**Work task**
Beginning at the line that contains "support small businesses" and finishing at the line that contains "L.O.L. Surprise! B.B.s", output the data below exactly. Include both end lines and no pictures.

**Source information**
------

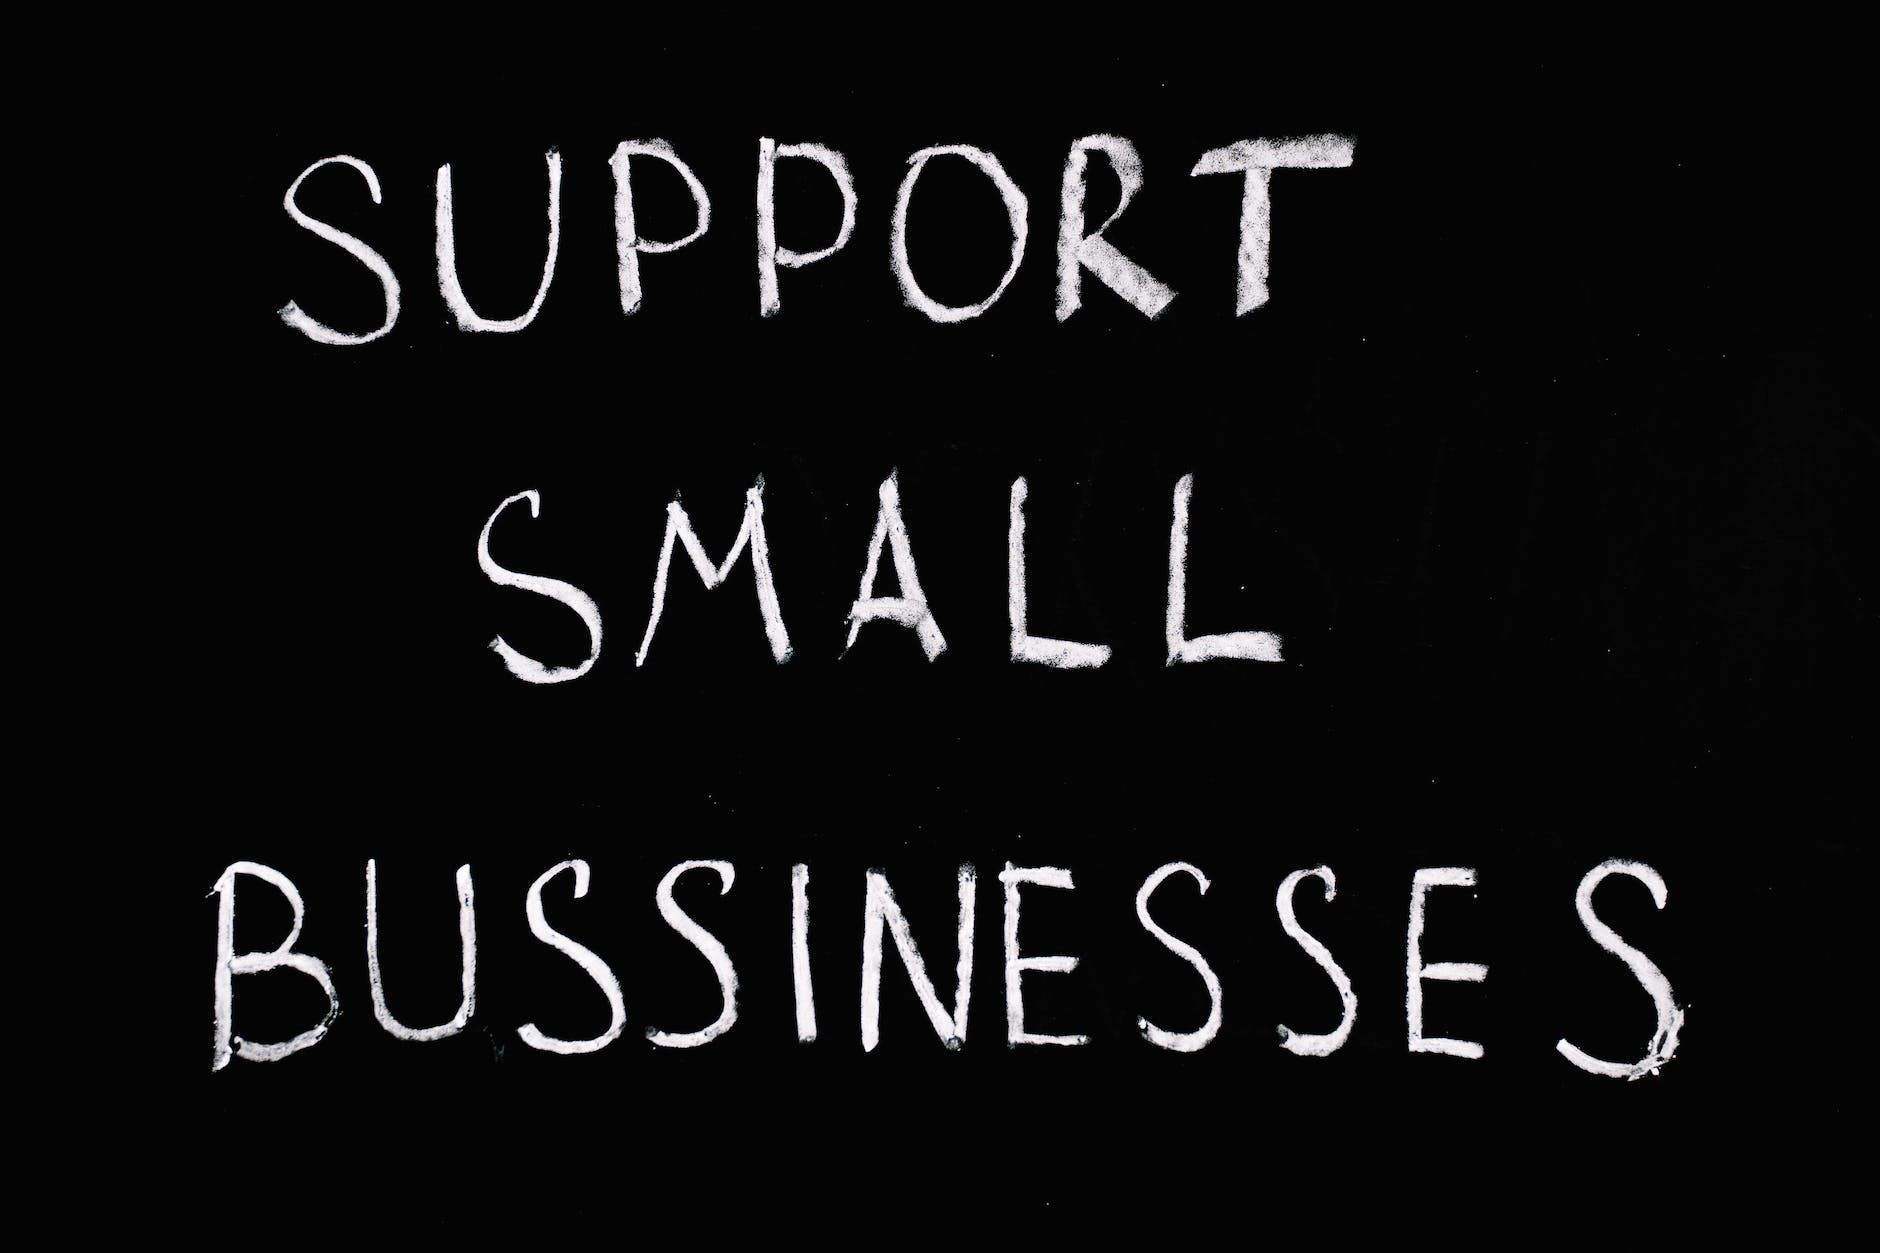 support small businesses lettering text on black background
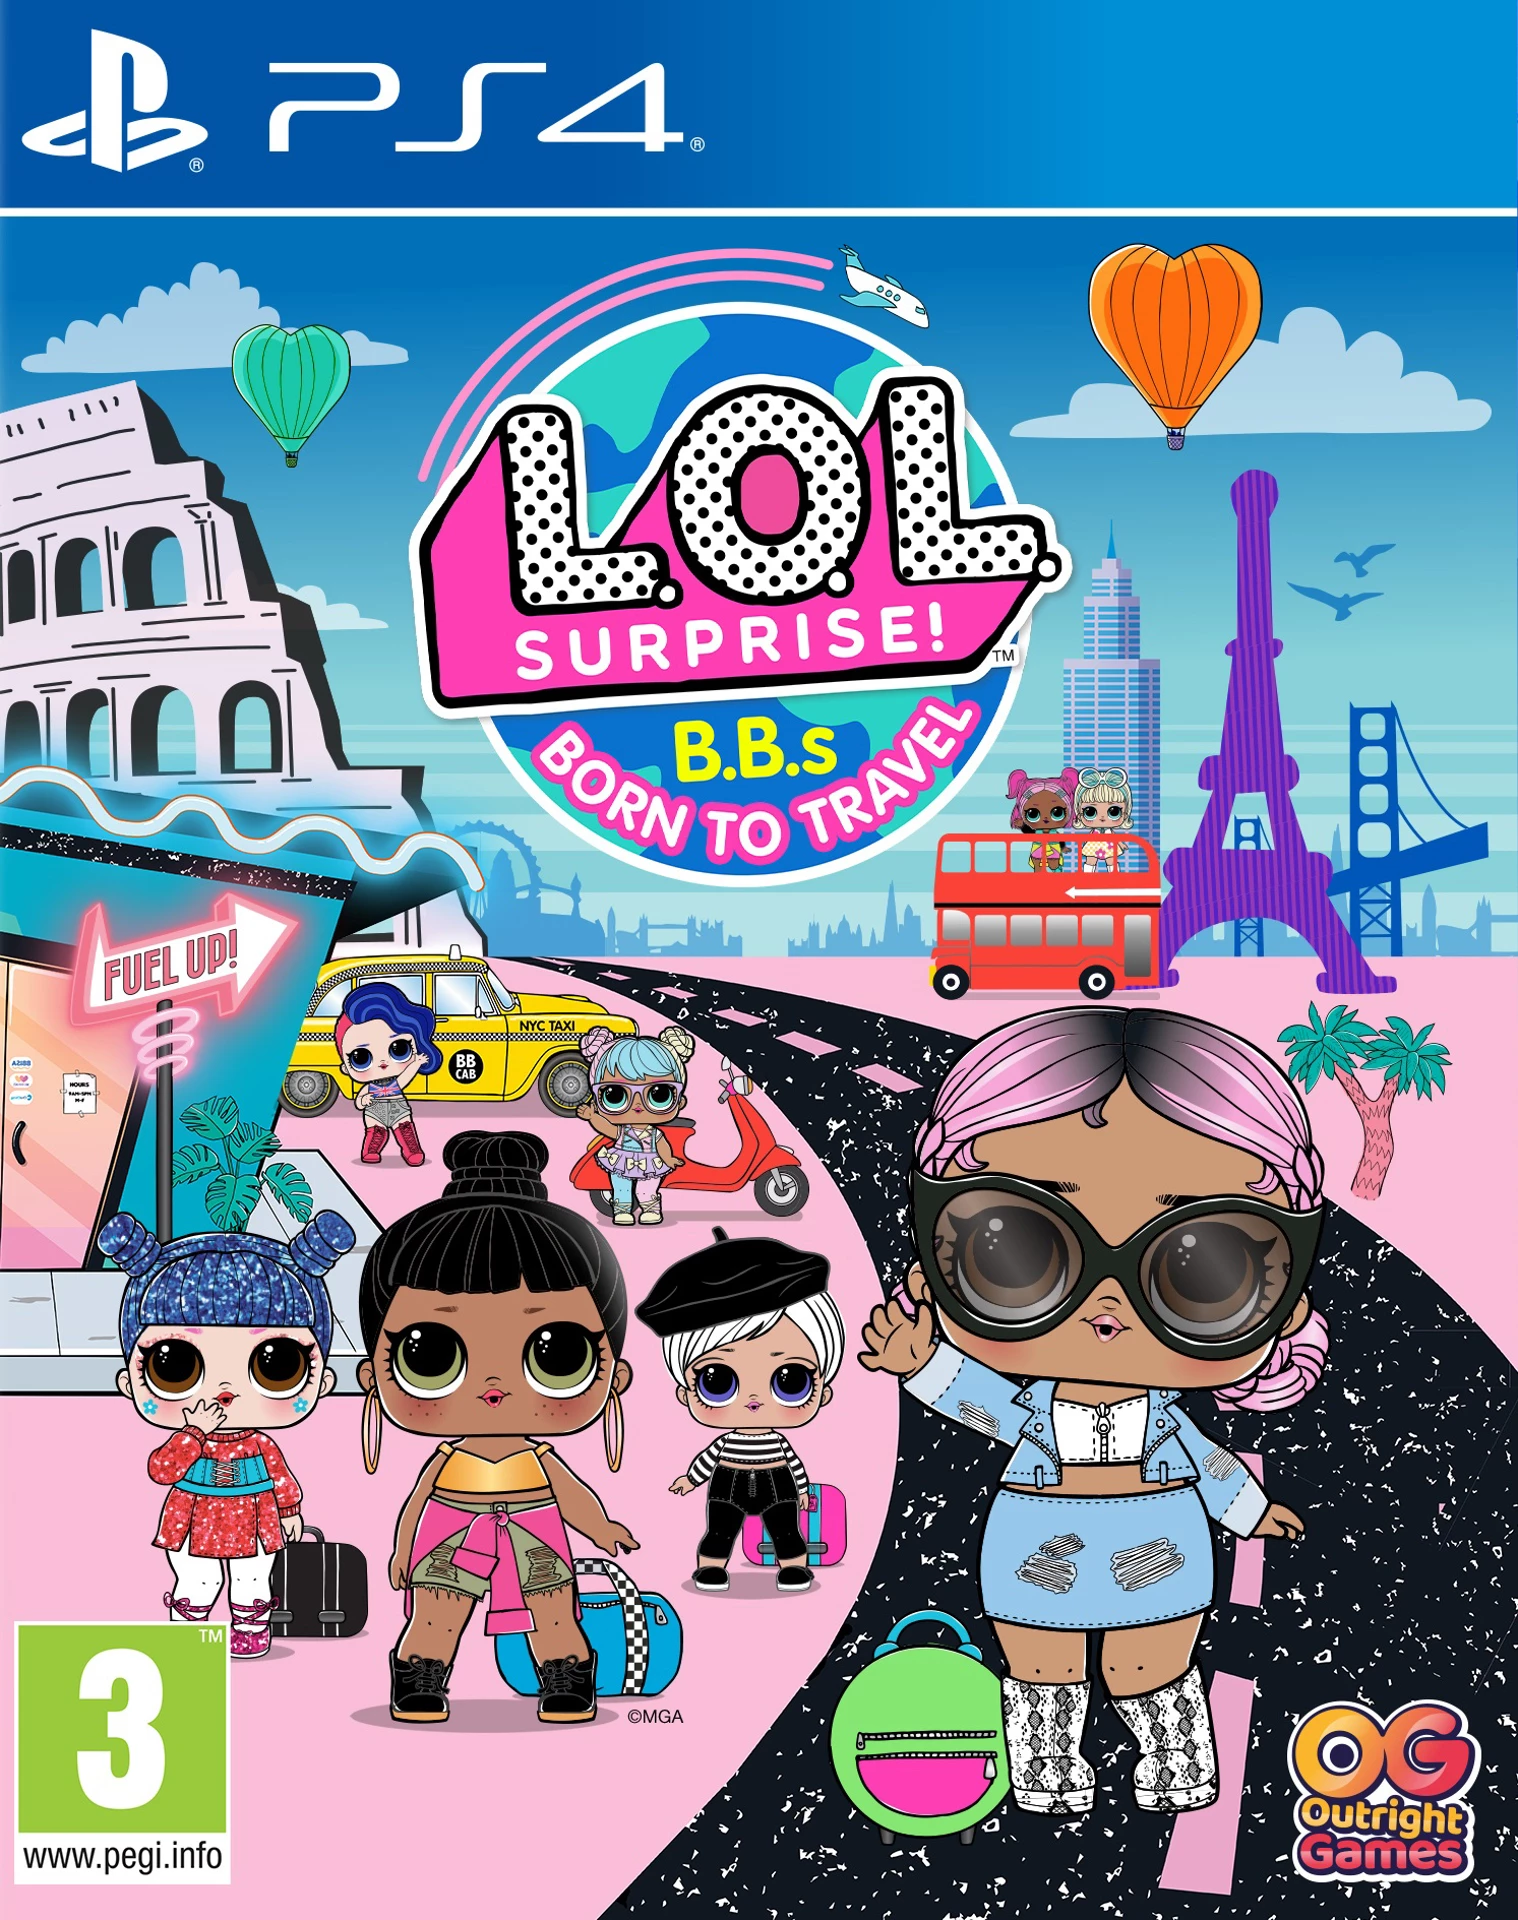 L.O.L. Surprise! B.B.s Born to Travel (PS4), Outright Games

------

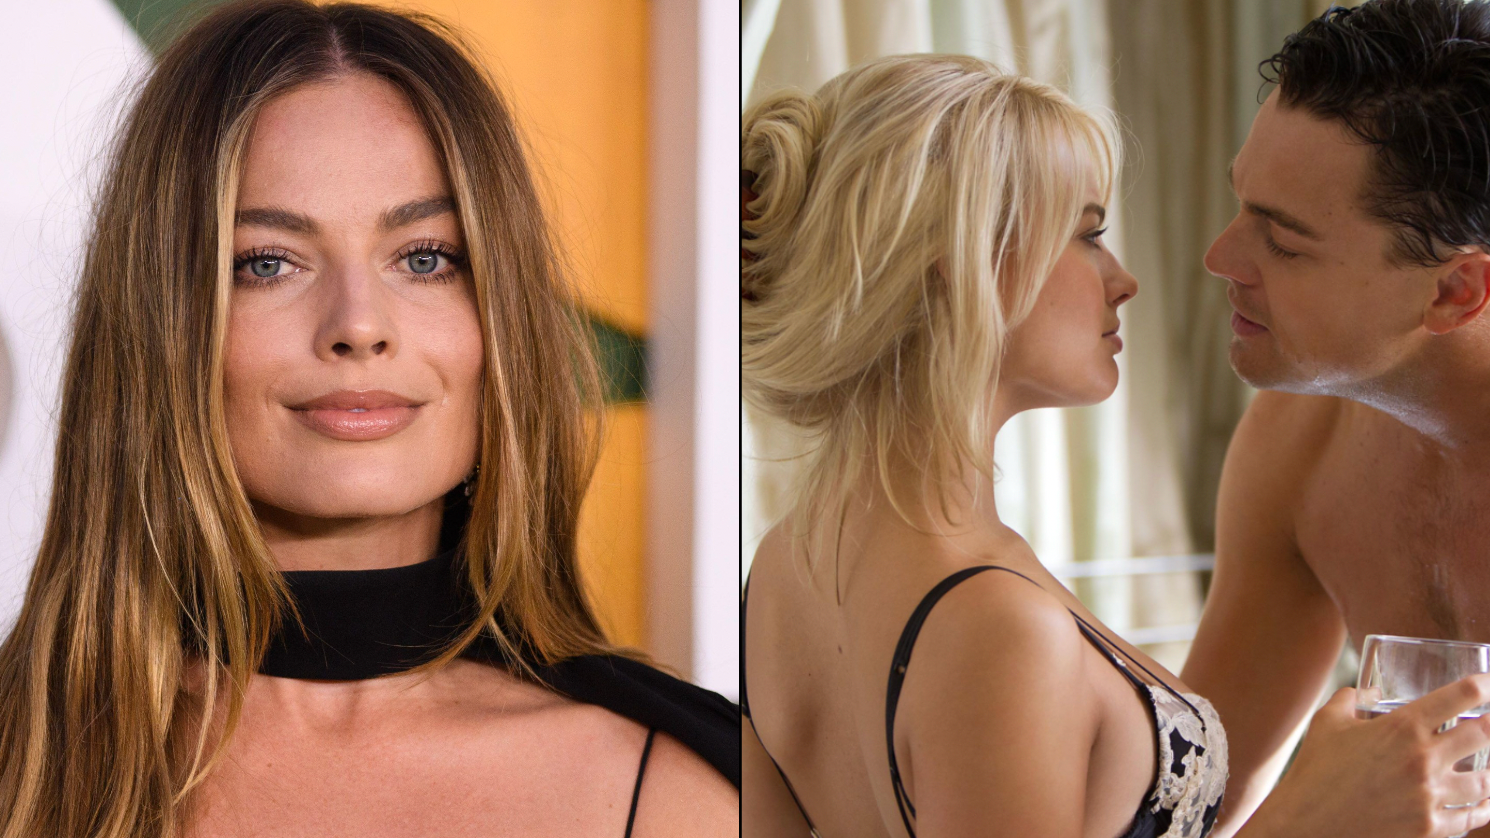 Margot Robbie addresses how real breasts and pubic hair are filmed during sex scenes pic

------

**Final answer**
 support small businesses lettering text on black background
 L.O.L. Surprise! B.B.s Born to Travel (PS4), Outright Games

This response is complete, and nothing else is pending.